As I had hoped, my near-ascent timed with the sunrise and HOLY SHIT, it was beautiful. I mean, gobsmackingly beautiful. I mean, so beautiful that I cried in earnest, for a good while, as I kept climbing - crying for its beauty, for the wildness and surety of the plants around me bathed in that rare reddish-pinkish fall light, for the fact that I won’t always get to climb up mountains to see sunrises; for all those who can’t, or can’t anymore; that I am probably not going to have kids, almost certainly not from my own body; that the world feels really fucked-up and scary right now and so many people are suffering, but that there will always be people who fight for one another, and justice and good; that I want to build something incredible but don’t quite know what it is yet, but feel the yearning for it all the same; for how strongly I feel about community and how desperately I think people need it but are in fact getting father apart; that there are people who I love dearly who are aging; that we are all aging and are going to die someday and the sheer existential terror of that most unknown of all the unknowns. 

Now, this might sound not-that-fun. Admittedly, I wouldn’t call it fun either. But it was incredible, cathartic, necessary; honestly, a little bit transcendental. To feel connected to nature, to process, to remember - to reclaim my own brain in order to help me understand and befriend what the hell is going on inside my life, rather than consuming what the hell is going on in other people’s (often fictional people’s) lives. 

And, important point here: NONE of this would have happened had I done the hike, but as I normally would have - listening to a podcast on the way up, and taking photos of the sunrise. Both fine activities, and obviously, I would have still noticed the sunrise, but I would not have created the spaciousness needed in my brain in the lead up, and the distraction of the podcast and picture-taking would have almost certainly have precluded an experience like the one I had.  

Then I got home and it started to feel like I was waiting out the clock till 11am. I got REAL antsy. Surely something had happened while I was off screens - an emergency, what if my mom wasn’t ok but for some reason the break-through call mechanism wasn’t working? What if it really was daylight saving time and the podcast host was waiting and then gave up on me and I got a bad review for not showing up? 

11am fiiiiinalllly arrived; I jumped on my phone, and computer, and…. Nothing. I mean sure, I had had texts and emails come in, but nothing urgent… not by a long shot. I called my mom, she was fine. 

At 11:30am, my podcast hosts and I joined up on the recording platform; business as usual, nothing awry, excited but calm, and we had a great time. 

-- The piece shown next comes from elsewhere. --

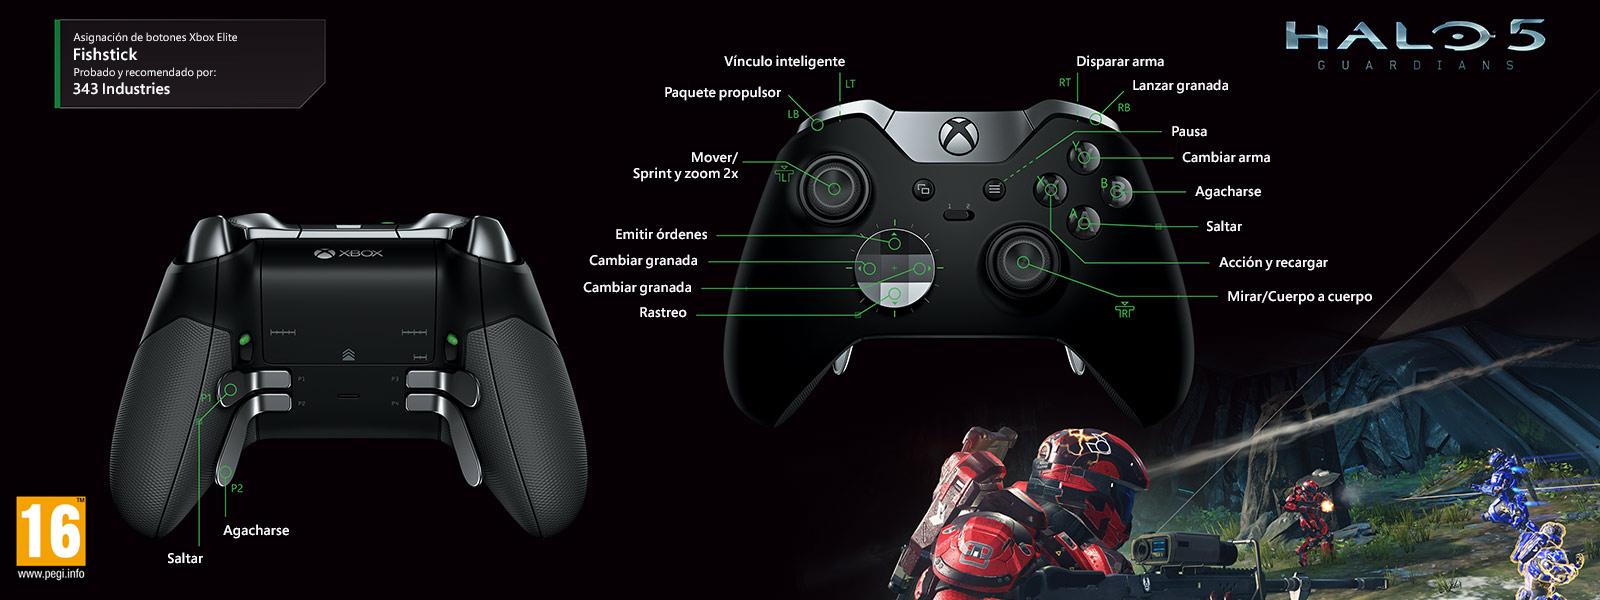 Halo 5: Fishstick (asignación de funciones del mando Elite)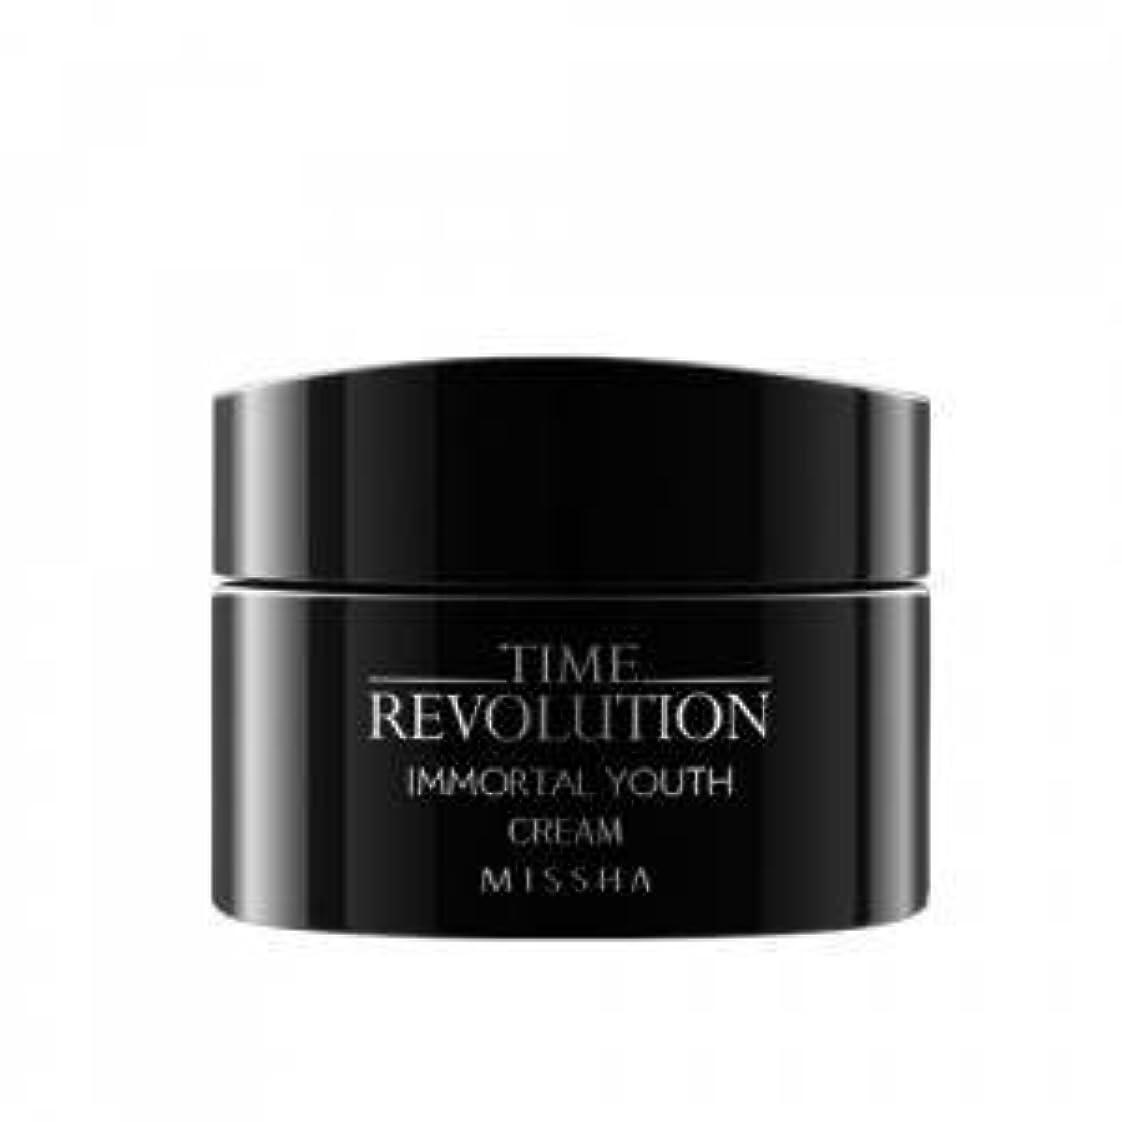 凝視村ミリメートル【MISSHA (ミシャ)】 Time Revolution Immortal Youth Cream タイムレボリューション イモータルユース クリーム

I wish I could share now that I spent the rest of the day off screens. That I used that magical sunrise experience and the screen-free momentum and leaned into all of that wonder, spaciousness, stark beauty, or at least pragmatic house projects that had marked my previous 24 hours. 

But, no. I had lunch and dove back into some fictional Netflix drama, essentially about people doing their stressful high-level jobs and dealing with the normal ho-hummery of being human, while asking themselves the very same existential questions. 

I had almost giddily looked forward to ‘treating myself’ to a little downtime with these made-up people, and indeed I believe that there is space for that in our lives.

But instead of it being consumed like a treat (aka a limited quantity to be consciously enjoyed), I frittered the rest of the day away consuming digital content, and went to bed feeling soul-tired, a bit sad, and like I had missed an opportunity of some kind. 

Thank god, today is a new day and we get to decide all over again… what kind of day do we want to have? 

I don’t think I need to do another complete 24 hours off screens till next month, but how could I reduce my screen time consumption such to just make a little more space for ALL of these other experiences that exist in life? To either inch my life toward the better, deeper, more meaningful, and/or move the world in this direction? 

And, I have the same questions for you.